Remove Duplicated Expression Evaluations

This is an optimisation pattern.

Summary

Avoid duplicated evaluation of expressions by using mechanisms to retain or cache their values.

Application conditions

This pattern is relevant if the same expression evaluation occurs in multiple places within a transformation rule or specification, and these evaluations will produce the same value at these different locations. It also applies if the same form of complex expression reoccurs with different arguments.

Solution

Remove duplicated evaluations of complex expressions from transformation specifications: duplicated expressions e within a single rule can be factored out by using a

let v = e

construct, which evaluates the expression e once, the value can be subsequently referenced by the identifier v. Duplicates in different rules can be factored out by defining auxiliary data features and storing pre-computed expression values in these features. Alternatively, they can be factored (with or without caching) by defining query operations to compute them. For duplicated expression forms with varying arguments, formal parameters of the query operations are defined.

Benefits

Modularity of the specification is increased, because of the higher factorisation of the specification after the pattern is applied. Efficiency should usually be increased, if duplicated evaluations are removed.

Disadvantages

Efficiency may not be increased in certain cases. If cached values are never used then the overhead of caching may increase memory use and execution time. Likewise, if functions are used to factor out repeated expressions, then there is an additional overhead of function calling.

Applications and examples

The pattern is applicable to all categories of transformation. This optimisation is performed in ATL by moving duplicated expression evaluations to helper operations, whose results are cached. Depending on the structure of the input model, this may reduce execution times. The unique lazy rules of ATL provide another means of avoiding duplicated evaluations, as do cached query operations in UML-RSDS. Languages such as Kermeta and Viatra also have mechanisms for factoring out repeated evaluations.

An example of duplicated expressions within a rule occurs in the class diagram rationalisation case study solution using UML-RSDS (Kolahdouz-Rahimi et al., 2014), in the rule:

a : specialization.specific.ownedAttribute and
v = specialization->select(
specific.ownedAttribute->exists( b | b.name = a.name and b.type = a.type ) ) and v.size > 1 implies
Entity->exists( e | e.name = name + a.name and a : e.ownedAttribute and e.specialization = v and
Generalization->exists( g | g : specialization and g.specific = e and v.specific.ownedAttribute-> select( name = a.name )-> isDeleted() ) )

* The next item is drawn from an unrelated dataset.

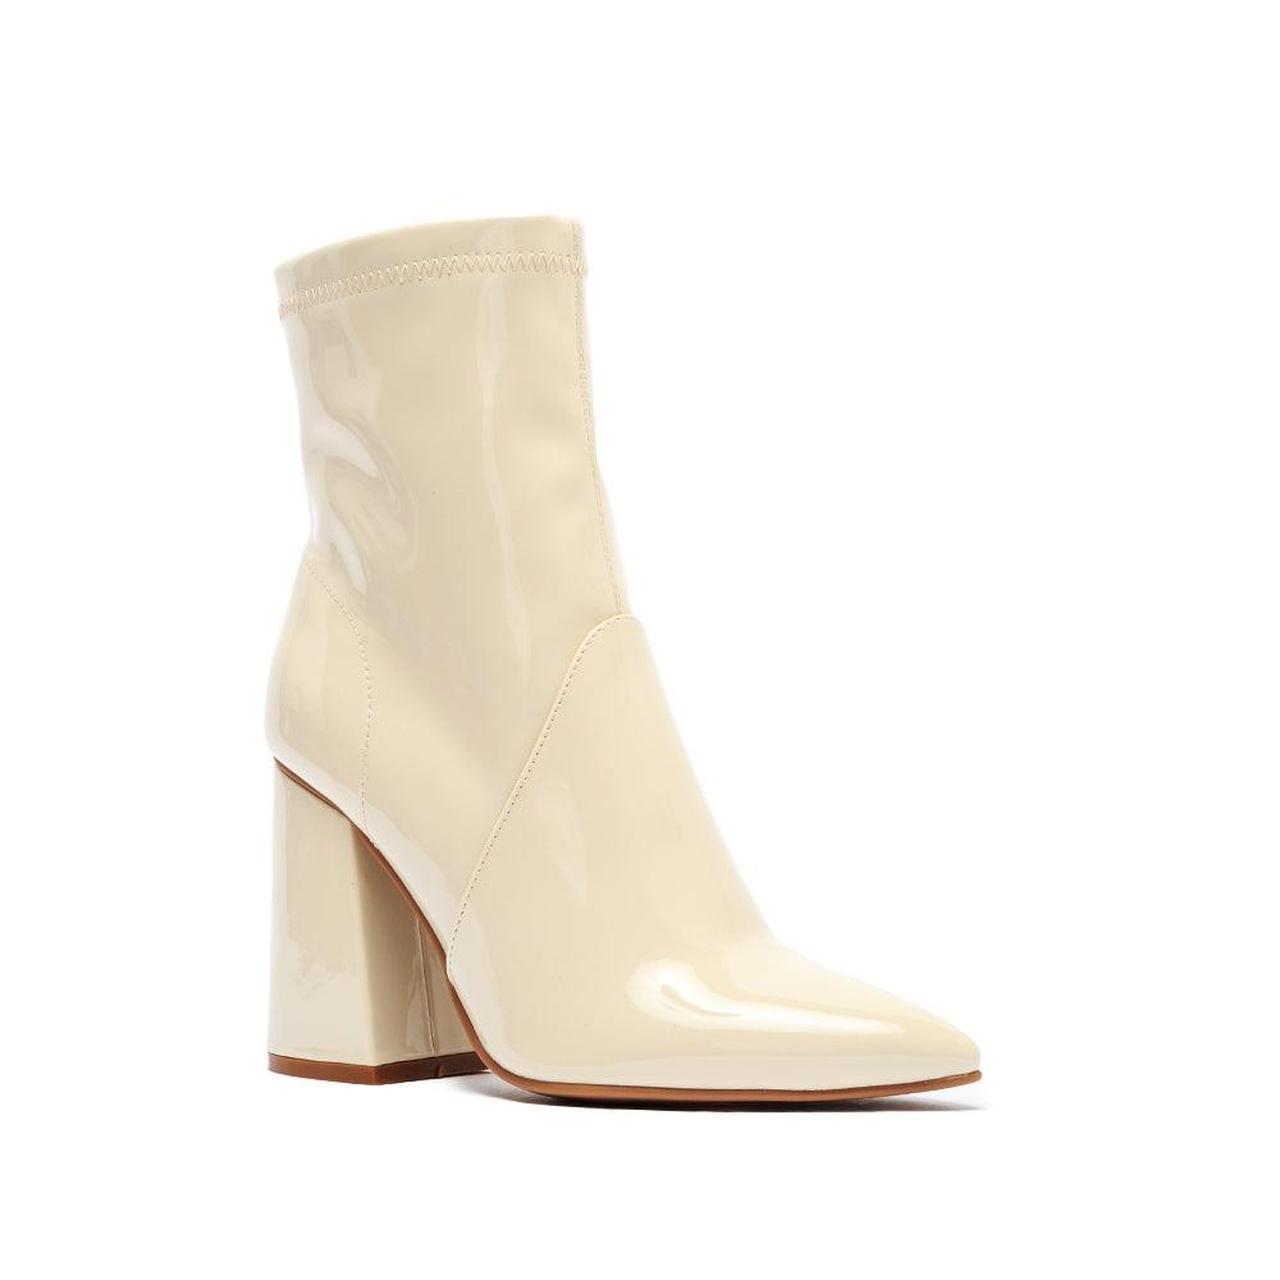 Cream white vegan patent leather ankle boots, with a... - Depop

operating on instances of Entity. Here, a let variable v is used to avoid re-computation of the complex expression

specialization->select(
specific.ownedAttribute->exists( b | b.name = a.name and b.type = a.type ) )

which is used in three places in the constraint.

Related patterns

This is a special case of a general modularisation and optimisation strategy for factoring out repeated sub-expressions from programs or specifications (Lano, 2008). In (Cuadrado et al, 2008) the related pattern finding constant expressions is described to factor out repeatedly evaluated expressions with constant values. Auxiliary Metamodel can be used to cache precomputed expression values in auxiliary metamodel elements. The concept of memoisation of function values (Michie, 1968) is another form of caching of result values to avoid redundant computations.

The same concept of factoring can be applied to common update functionality that is repeated in different rules. However, such factoring only improves the modularity and clarity of the specification, and does not improve efficiency. Implementation of update factoring using explicit rule invocation is described in (Kurtev et al, 2006).

(Cuadrado et al, 2008) J. S. Cuadrado, F. Jouault, J. G. Molina, J. Bezivin, Optimization patterns for OCL-based model transformations, MODELS 2008, vol. 5421 LNCS, Springer-Verlag, pp. 273--284, 2008.

(Kolahdouz-Rahimi et al., 2014) S. Kolahdouz-Rahimi, K. Lano, S. Pillay, J. Troya, P. Van Gorp, Evaluation of model transformation approaches for model refactoring, Science of Computer Programming, 2013, http://dx.doi.org/10.1016/j.scico.2013.07.013.

(Kurtev et al, 2006) I. Kurtev, K. Van den Berg, F. Joualt, Rule-based modularisation in model transformation languages illustrated with ATL, Proceedings 2006 ACM Symposium on Applied Computing (SAC 06), ACM Press, pp. 1202--1209, 2006.

(Lano, 2008) K. Lano, A catalogue of UML model transformations, http://www.dcs.kcl.ac.uk/staff/kcl/tcat.pdf, 2006.

(Michie, 1968) D. Michie, Memo Functions and Machine Learning, Nature, vol. 218, pp. 19--22, 1968.